- Title: King of Barotseland
- Predecessor: Mwananyanda Liwale
- Successor: Silumelume
- Children: Mubukwanu Silumelume more sons and several daughters
- Parent(s): Mwanawina I Mbuywana

= Mulambwa =

Mulambwa Santulu (born Maimbolwa Santulu) was the 10th litunga (king) of Barotseland who ruled from 1780 to 1830.. He is famous for introducing a series of reforms such as a new constitution into the Lozi Kingdom. He has been called "Mulambwa Mutomi Wa Mulao" which translates to "Mulambwa the creator of laws."

During this period, the practice of slave trading affiliated with both Arab and Portuguese markets was gradually expanding from the coastal regions into the African interior. The name 'Mulambwa' was acquired as a nickname based on his tough stance against slave trading. It is derived from the phrase "Muule ambwa, Muulese kuule Anu" which translates to "buy dogs, but not another human being." Barotseland was made a no-go area for slave traders.
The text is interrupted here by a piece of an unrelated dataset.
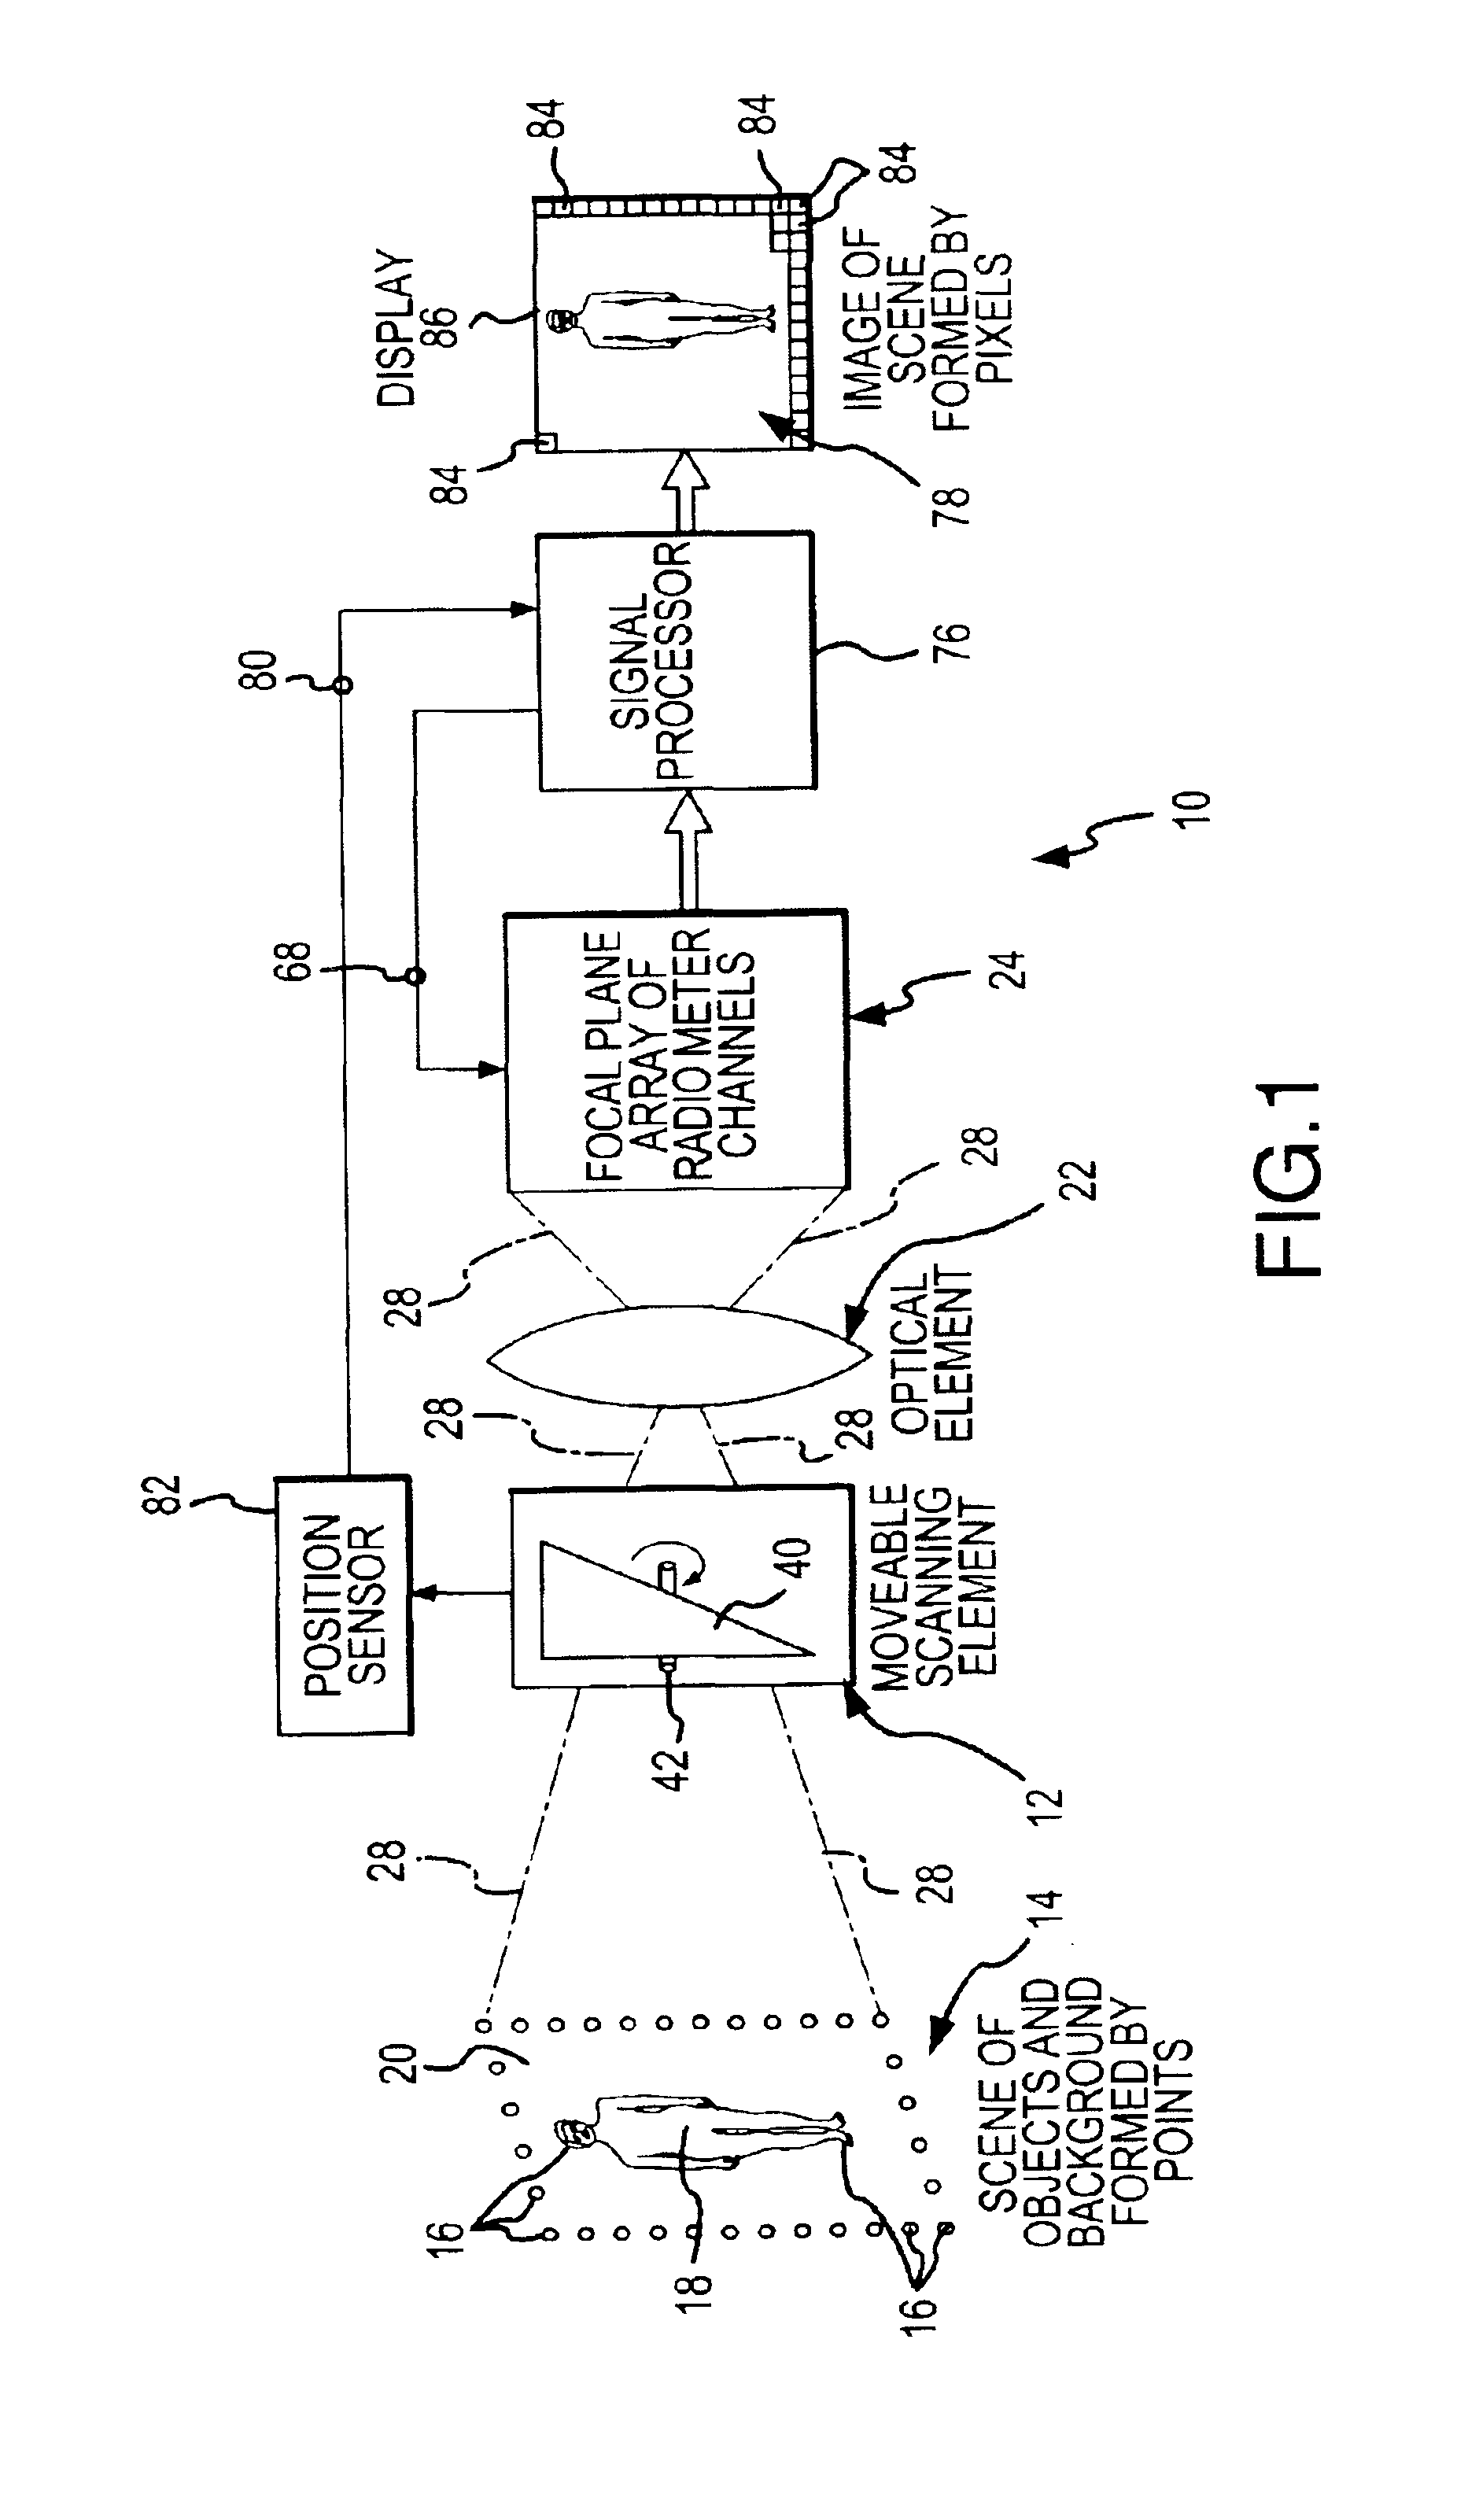 Weighted noise compensating method and camera used in millimeter wave imaging

His reign is also characterised by the arrival of the Mbunda tribe into Barotseland, who had fled Angola as refugees escaping slave trading. They were welcomed to resettle into his kingdom and would become strong allies.

==Biography==
Mulambwa Santulu was the third son of the king Mwanawina I, by his wife, Queen Mbuywana.

He was a chief of Lilundu, before his accession. He succeeded on the death of his elder brother Mwananyanda Liwale and was opposed by Kusiyo, but eventually triumphed after slaying the Nololo. He established his capital at Namuso and established orchards, tamed and domesticated wild animals and promulgated laws on property and marriage. He died at Lilundu, in the month of July, about 1830. Under his reign, the Mbunda tribe who had fled Angola as refugees fleeing the slave trade were allowed to settle in Barotseland.

==Family==
Mulambwa had many children. His sons were kings Mubukwanu and Silumelume and his grandson was Sipopa Lutangu.